▶ Activity: The pictures in the listing below are to be skipped, while the lines between the line holding "General Kuropatkin" and the line holding "other organize organizer", inclusive, are to be output exactly.

===== Given records =====

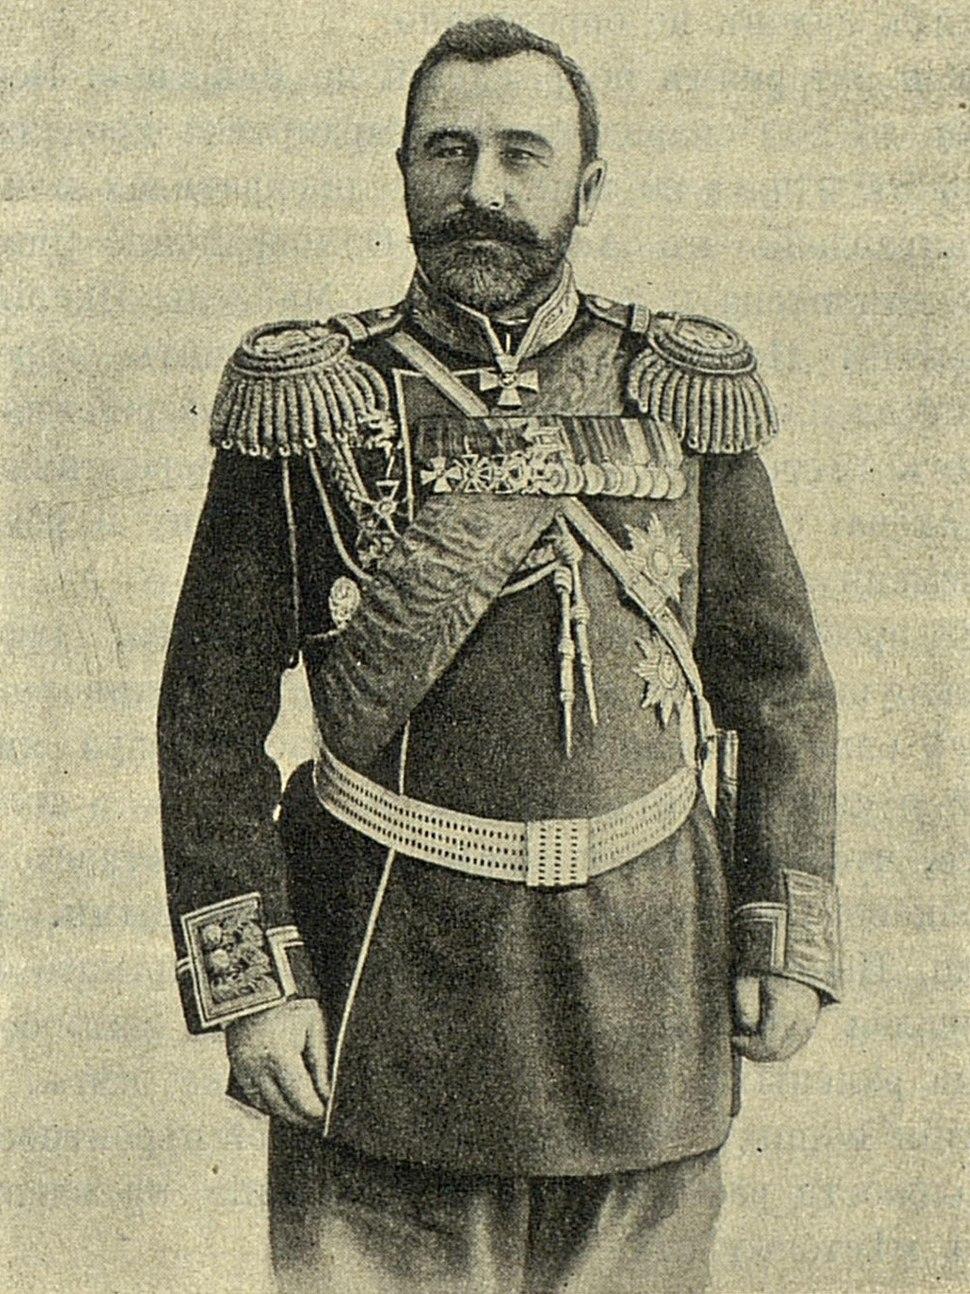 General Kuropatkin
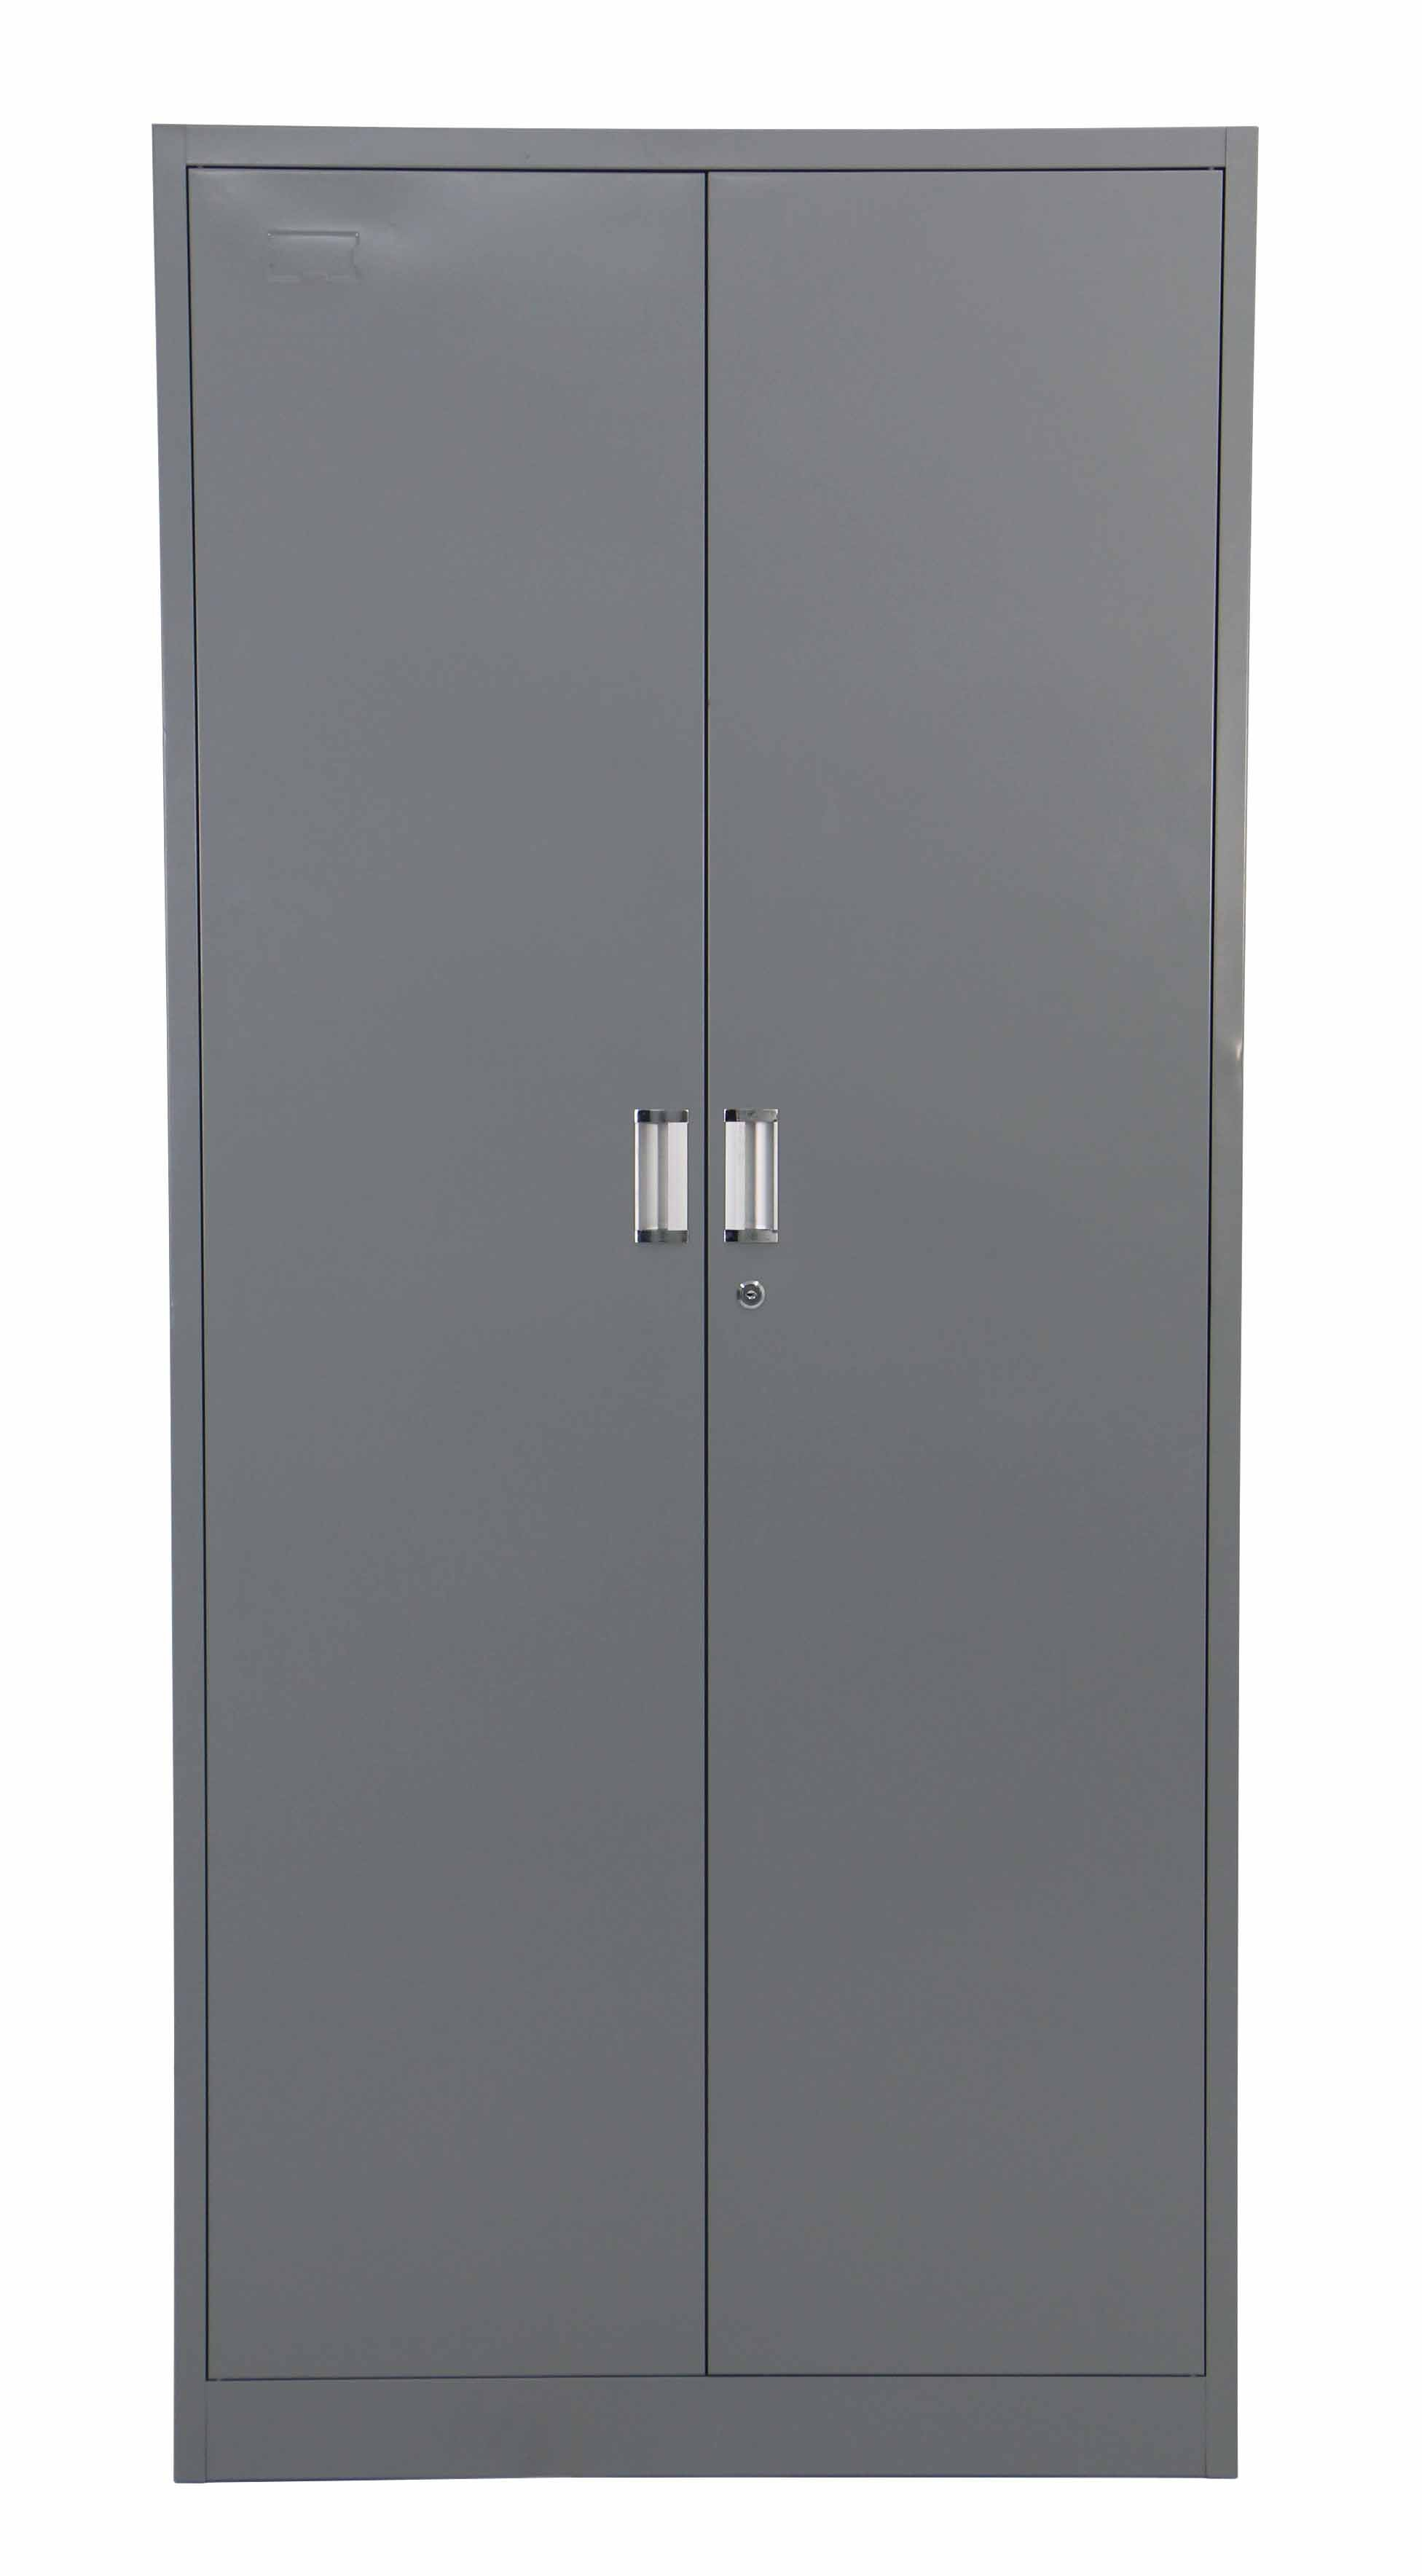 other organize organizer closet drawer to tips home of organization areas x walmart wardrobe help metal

=====
===== Given records =====

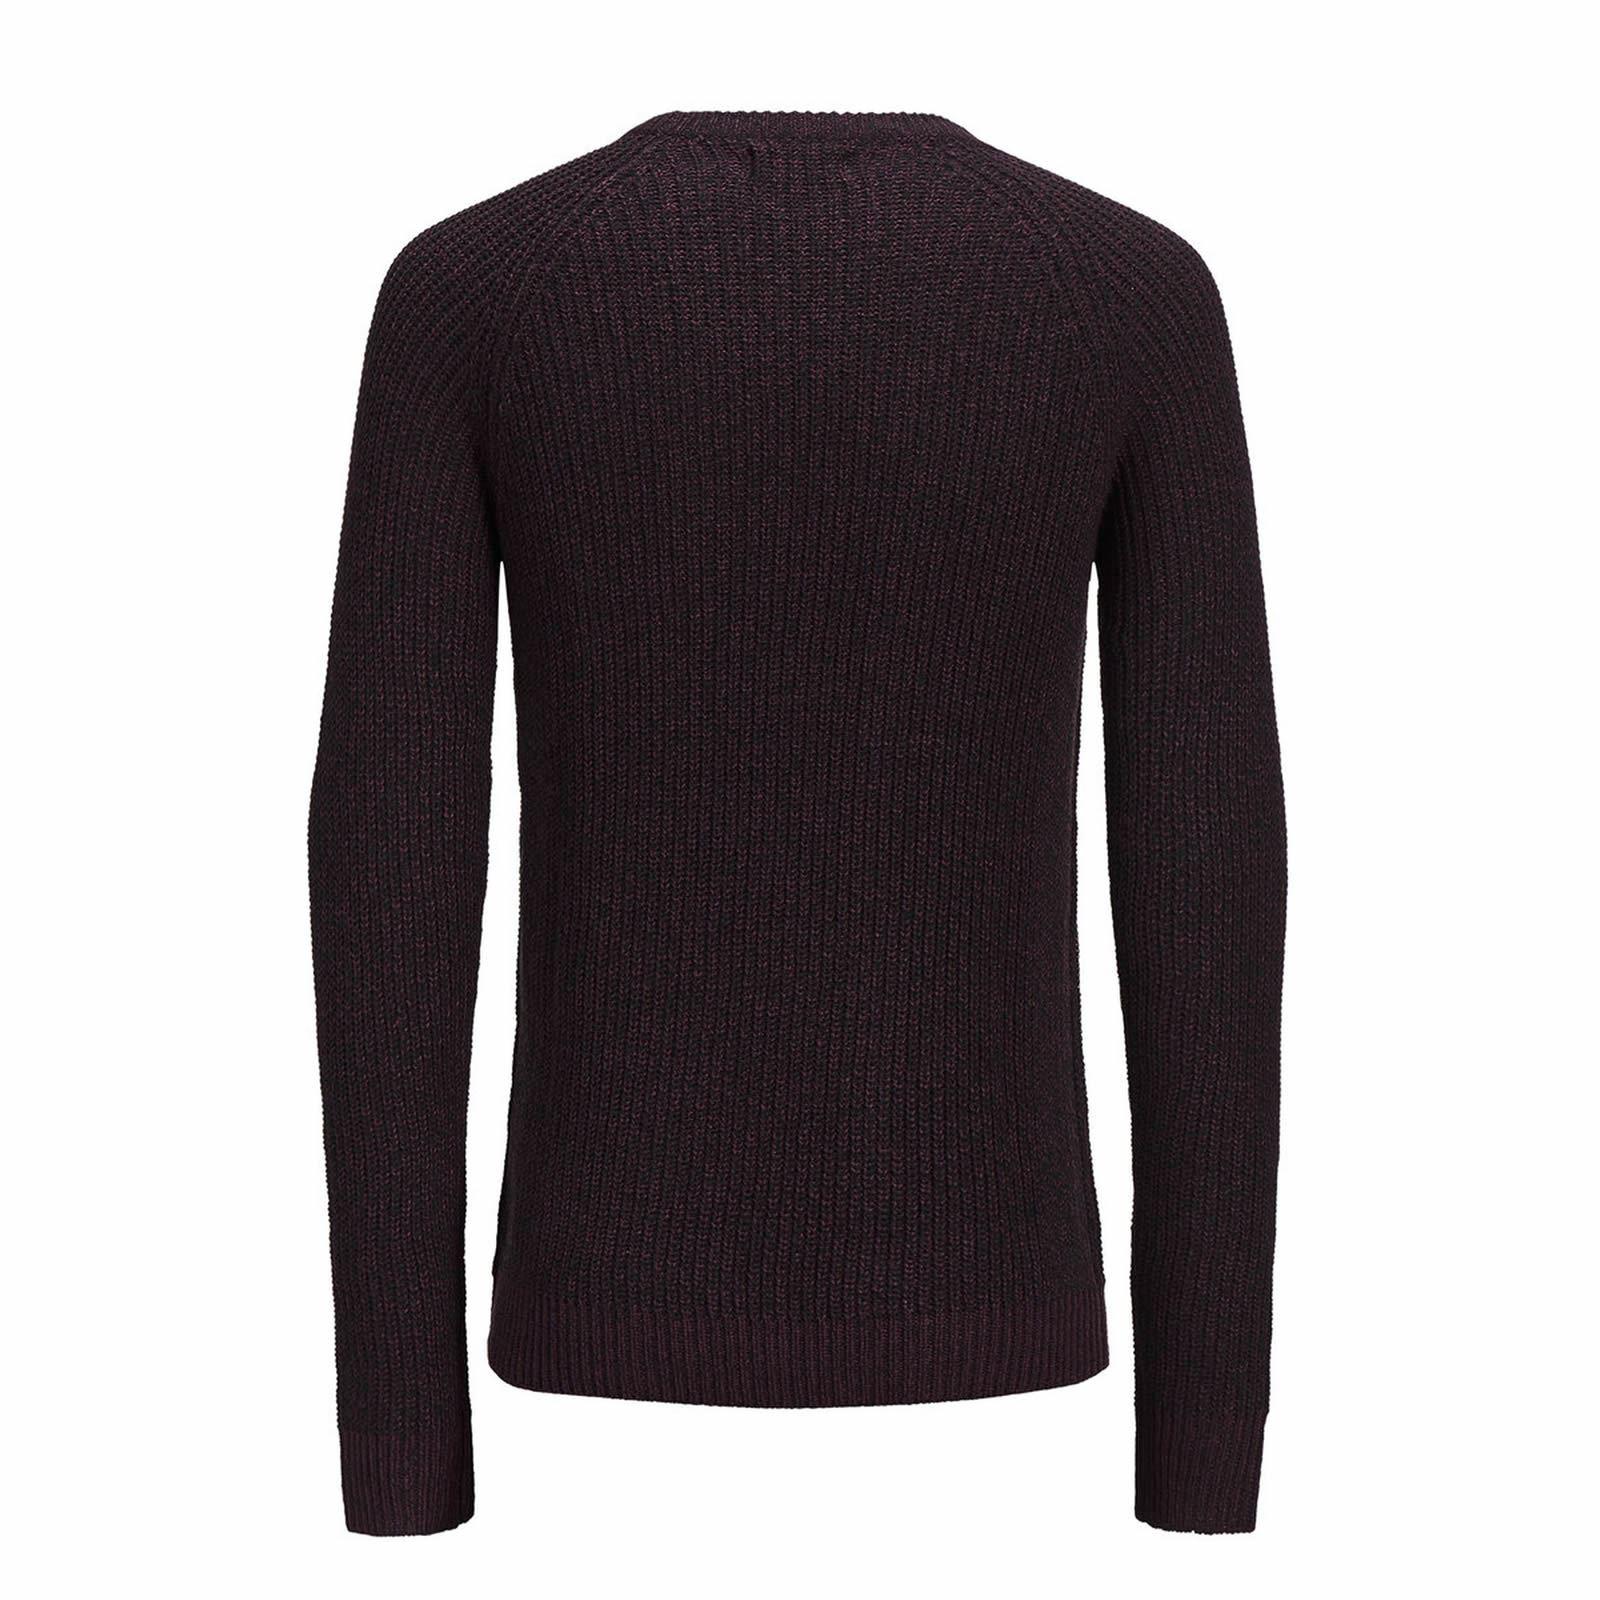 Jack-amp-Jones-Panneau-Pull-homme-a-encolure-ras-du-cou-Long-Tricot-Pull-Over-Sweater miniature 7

=====

▶ Response:
 General Kuropatkin
 other organize organizer closet drawer to tips home of organization areas x walmart wardrobe help metal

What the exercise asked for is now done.